WHAT THE TASK ASKS
Drop the images; return everything else in the listing below exactly.

━━ DATA EXCERPT

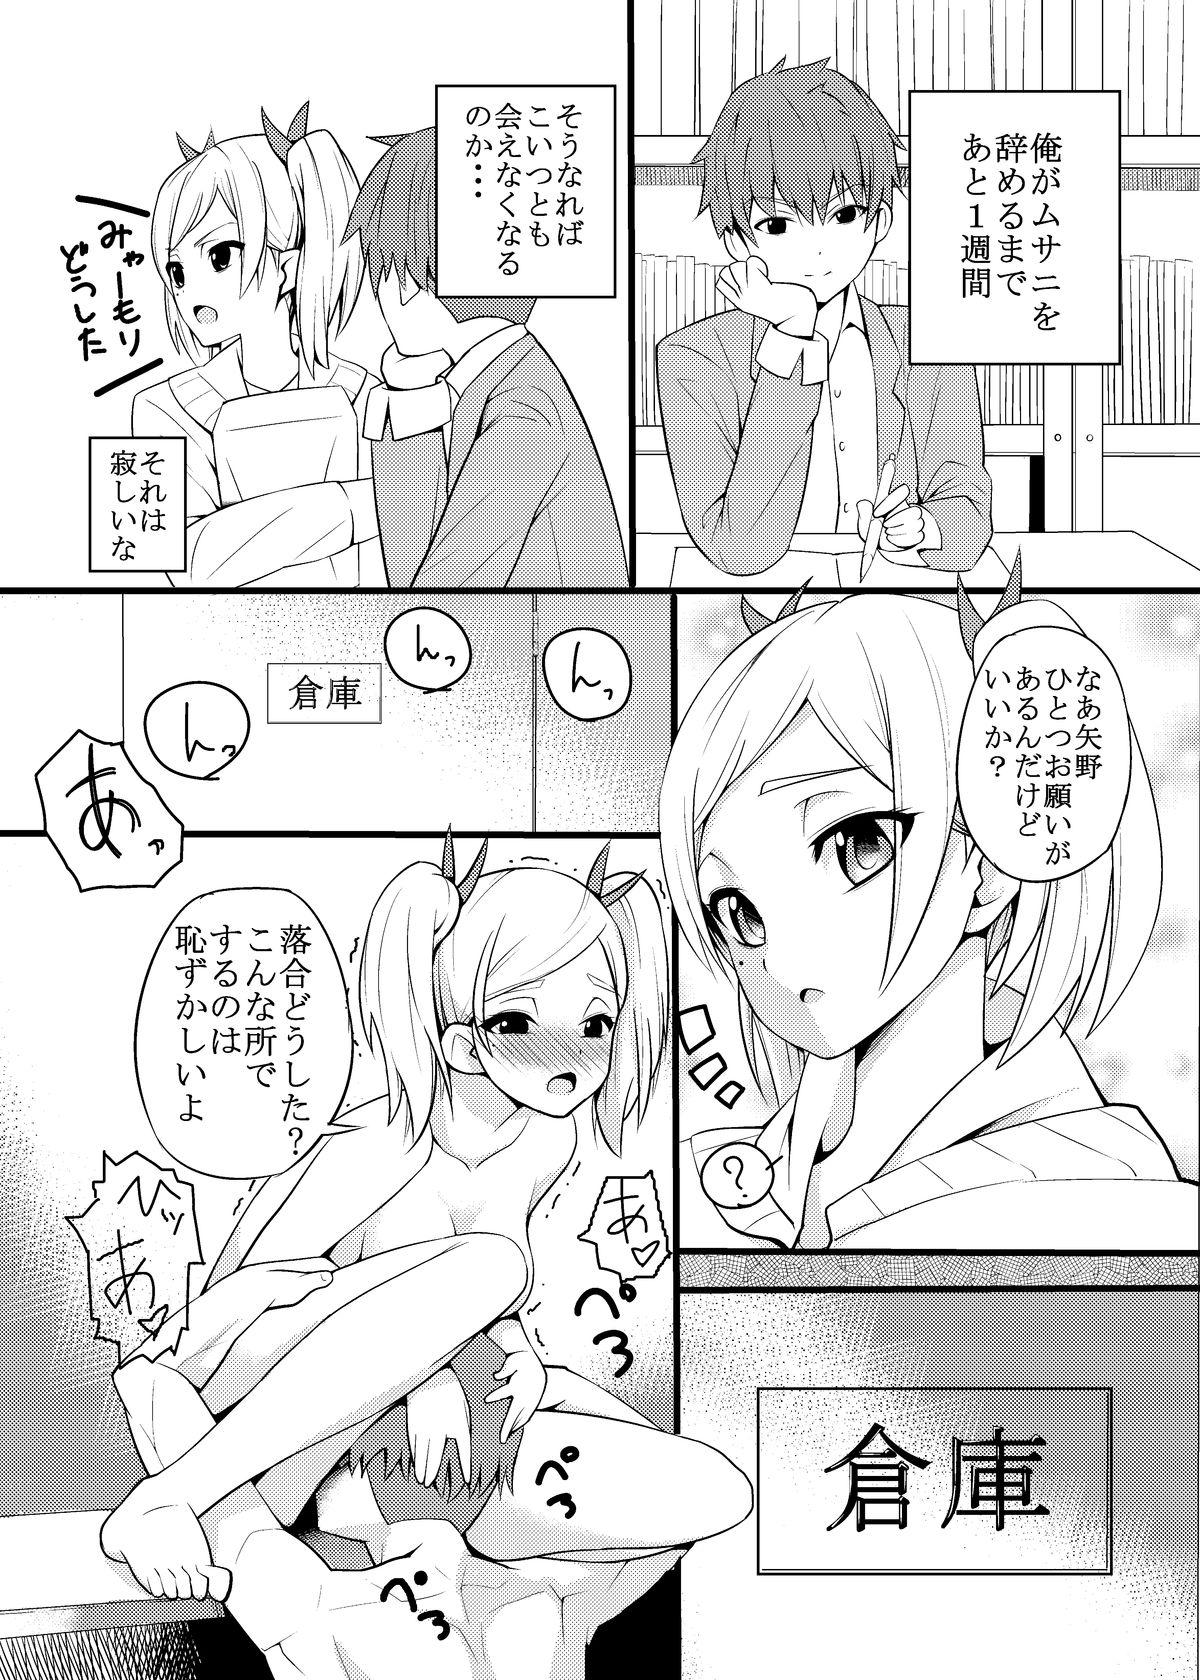 Ametur Porn Yano Senpai no H na Manga - Shirobako Cam - Page 2
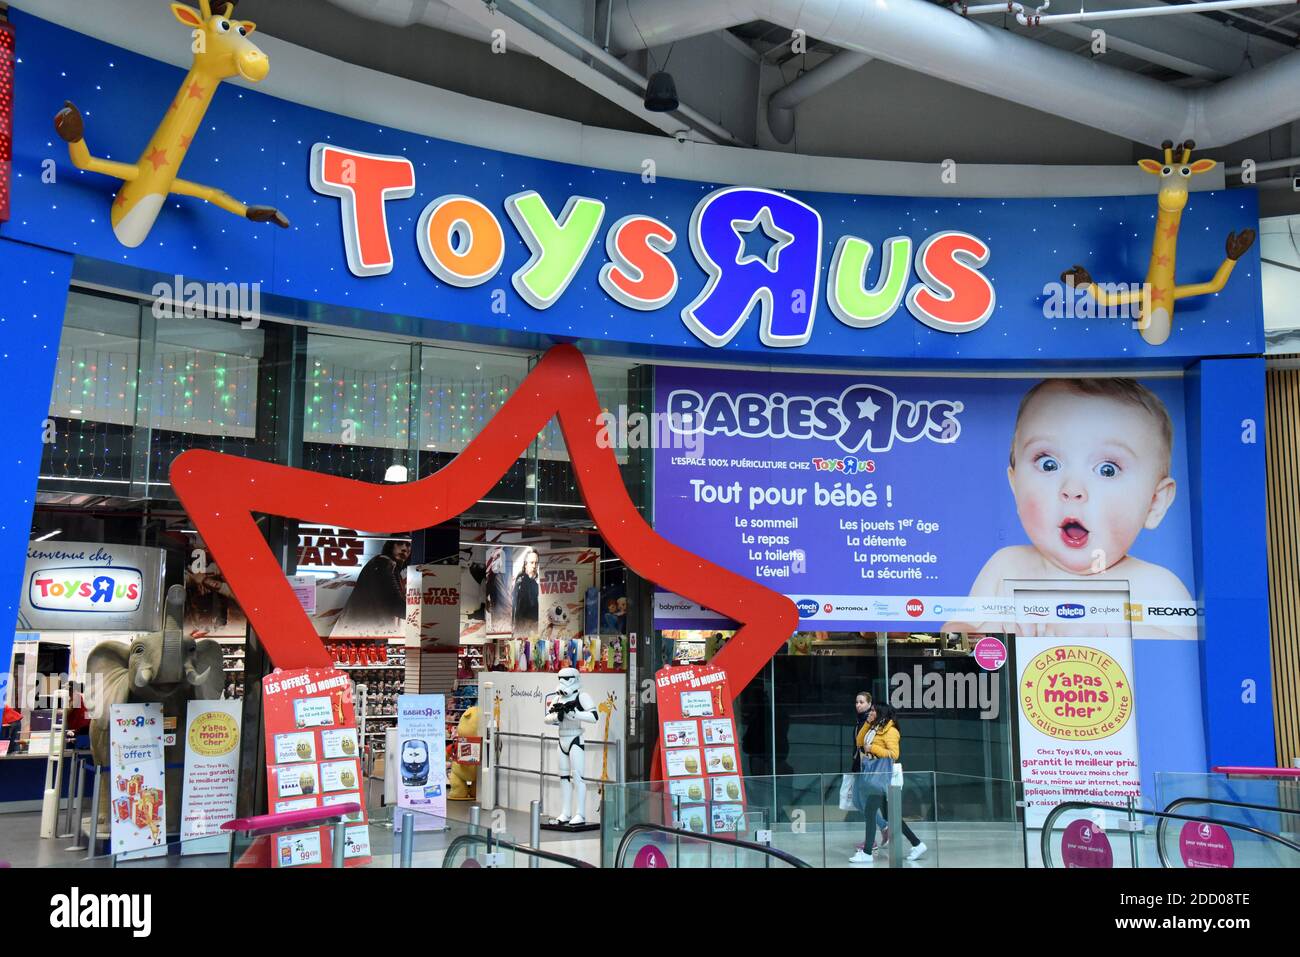 Ein Toys R US-Geschäft am 19. März 2018 in Paris, Frankreich. Toys R US  reichte bei einem US-Konkursgericht eine Liquidation ein und plant, 735  Geschäfte zu schließen, sodass 33,000 Arbeitnehmer ohne Beschäftigung
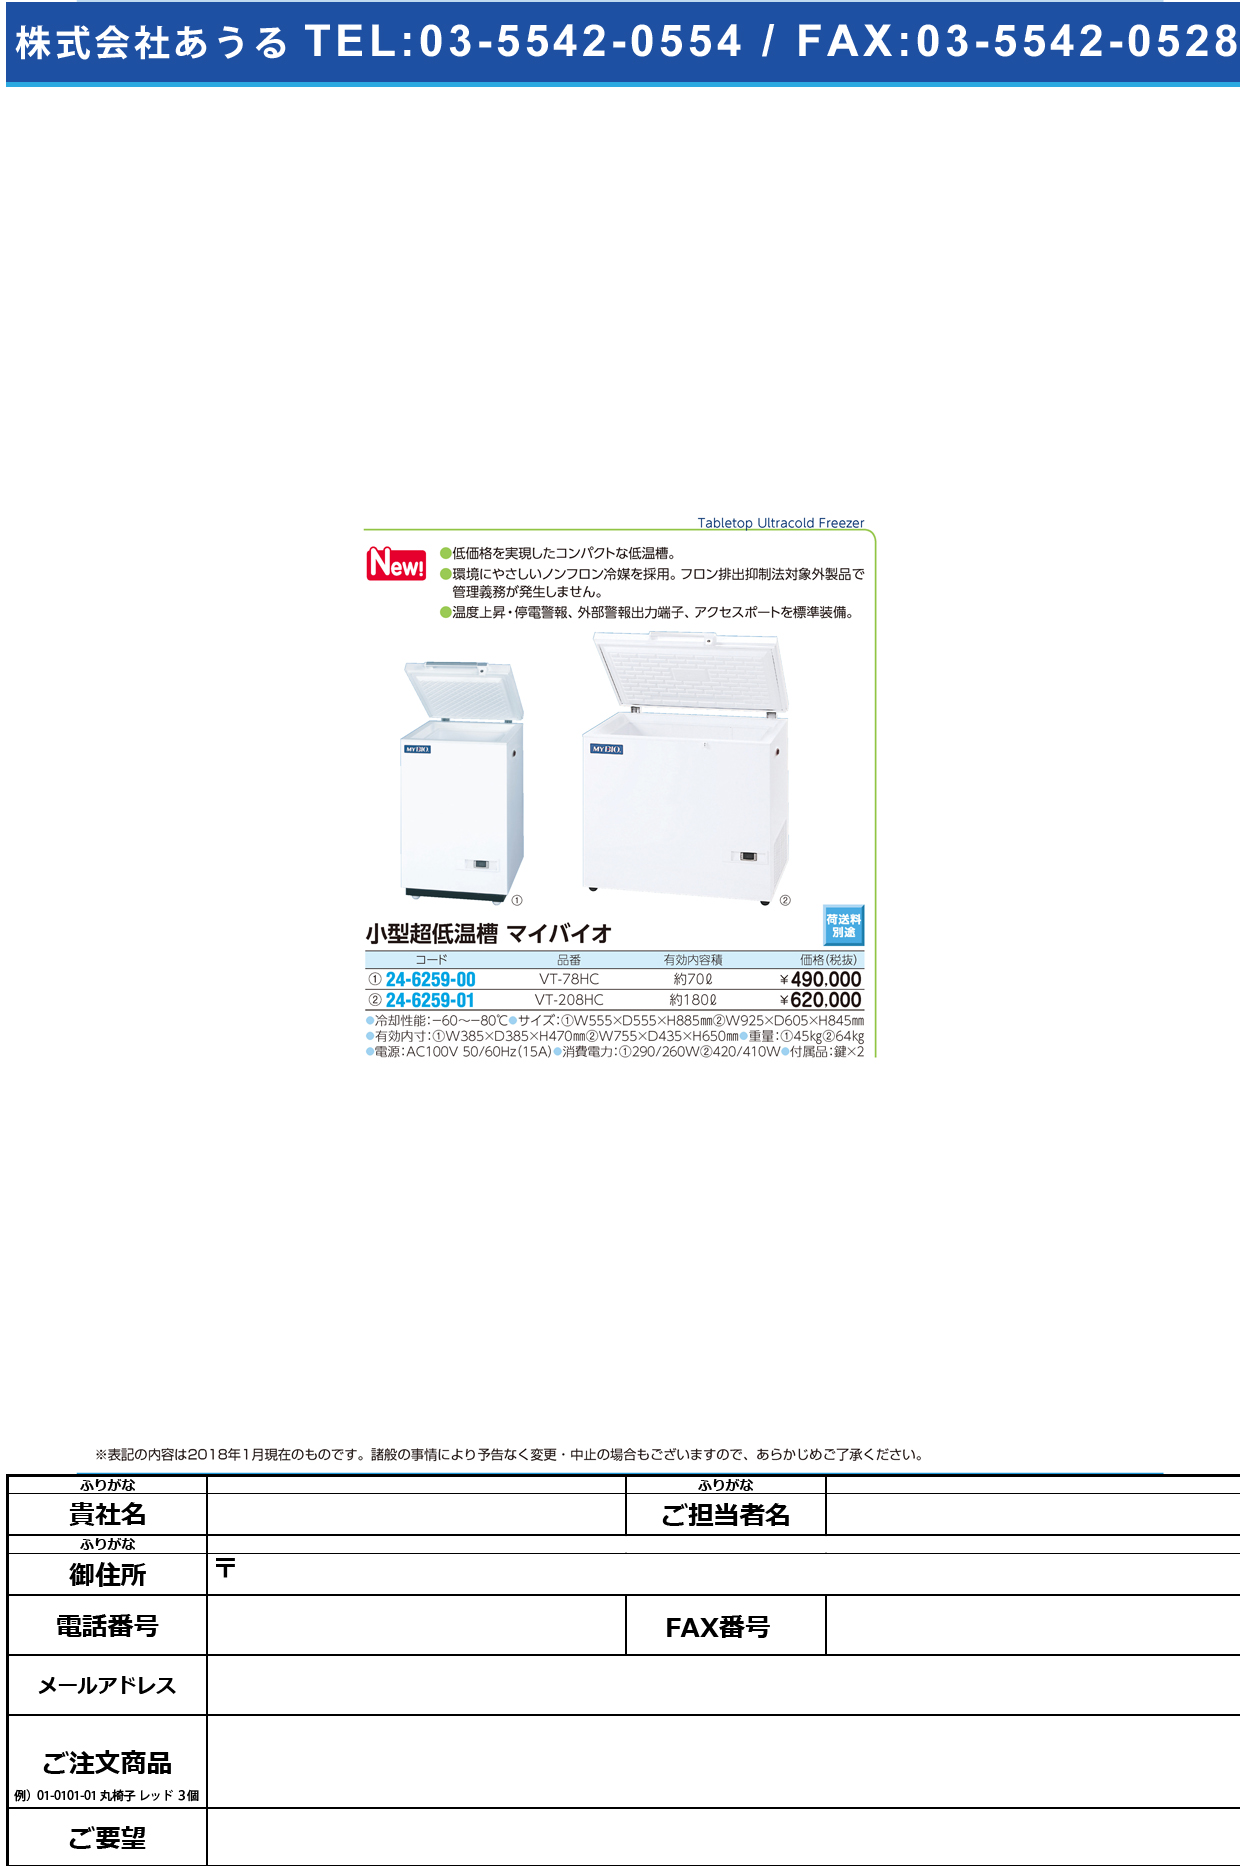 (24-6259-01)小型超低温槽マイバイオ VT-208HC(180L) ｺｶﾞﾀﾁｮｳﾃｲｵﾝｿｳﾏｲﾊﾞｲｵ(日本フリーザー)【1台単位】【2018年カタログ商品】
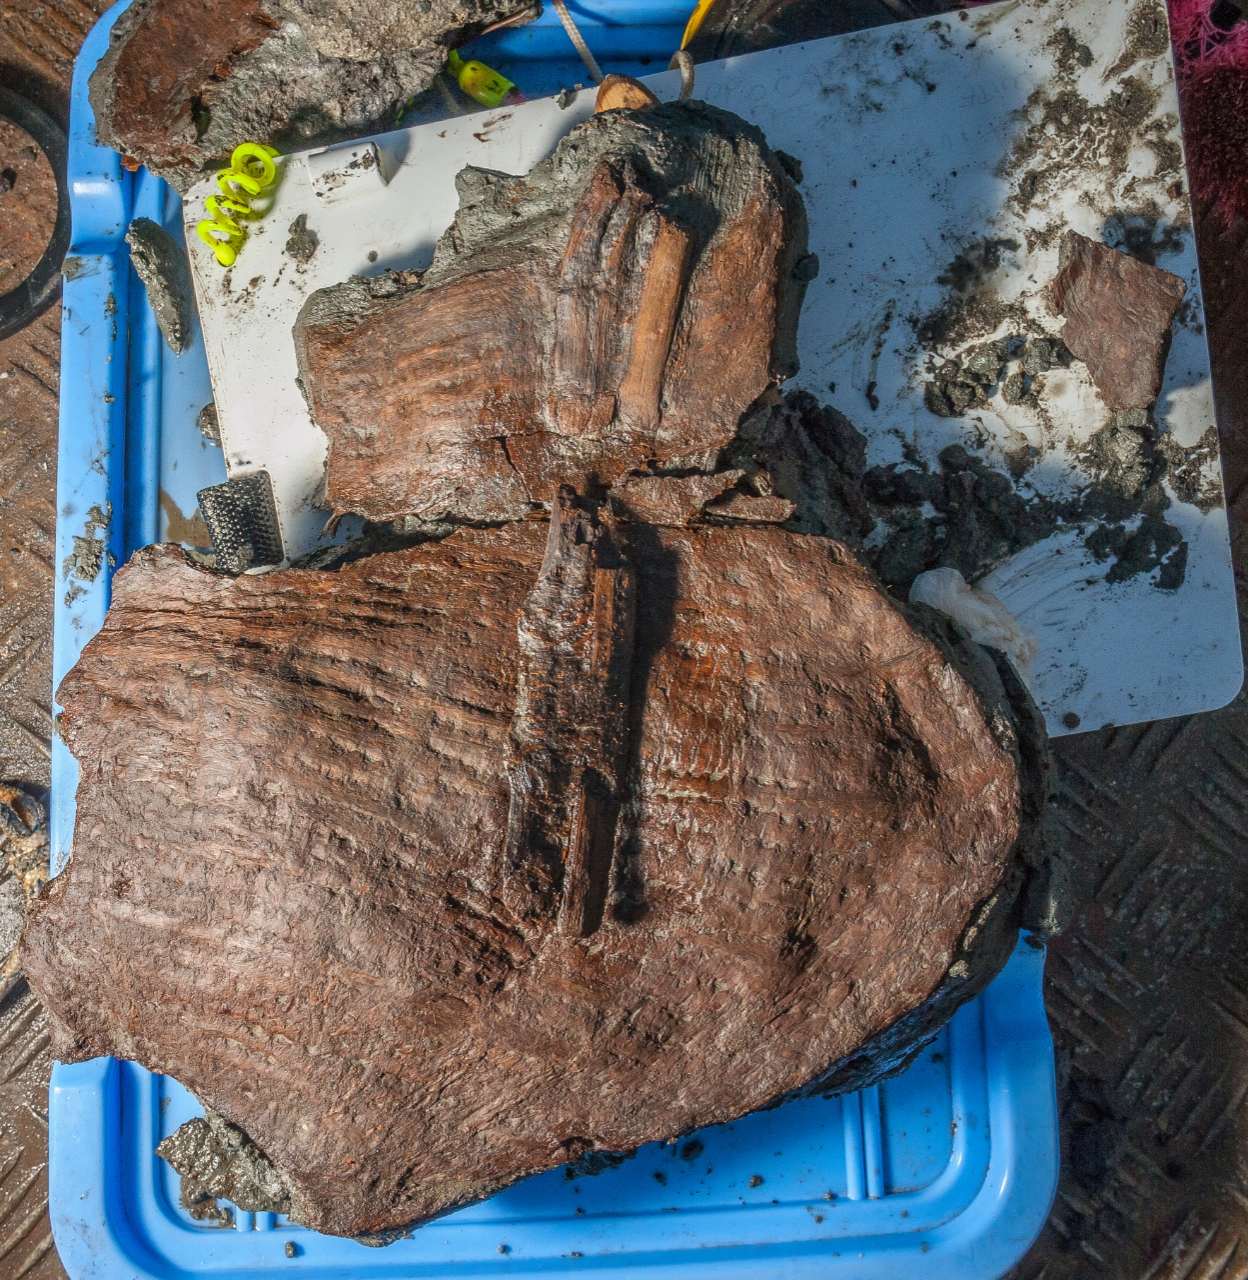 Des paniers vieux de 2,400 1 ans encore remplis de fruits trouvés dans la ville égyptienne submergée XNUMX

━━━━

EXERCISE OUTPUT
 Ametur Porn Yano Senpai no H na Manga - Shirobako Cam - Page 2
 Ein Toys R US-Geschäft am 19. März 2018 in Paris, Frankreich. Toys R US  reichte bei einem US-Konkursgericht eine Liquidation ein und plant, 735  Geschäfte zu schließen, sodass 33,000 Arbeitnehmer ohne Beschäftigung
 (24-6259-01)小型超低温槽マイバイオ VT-208HC(180L) ｺｶﾞﾀﾁｮｳﾃｲｵﾝｿｳﾏｲﾊﾞｲｵ(日本フリーザー)【1台単位】【2018年カタログ商品】
 Des paniers vieux de 2,400 1 ans encore remplis de fruits trouvés dans la ville égyptienne submergée XNUMX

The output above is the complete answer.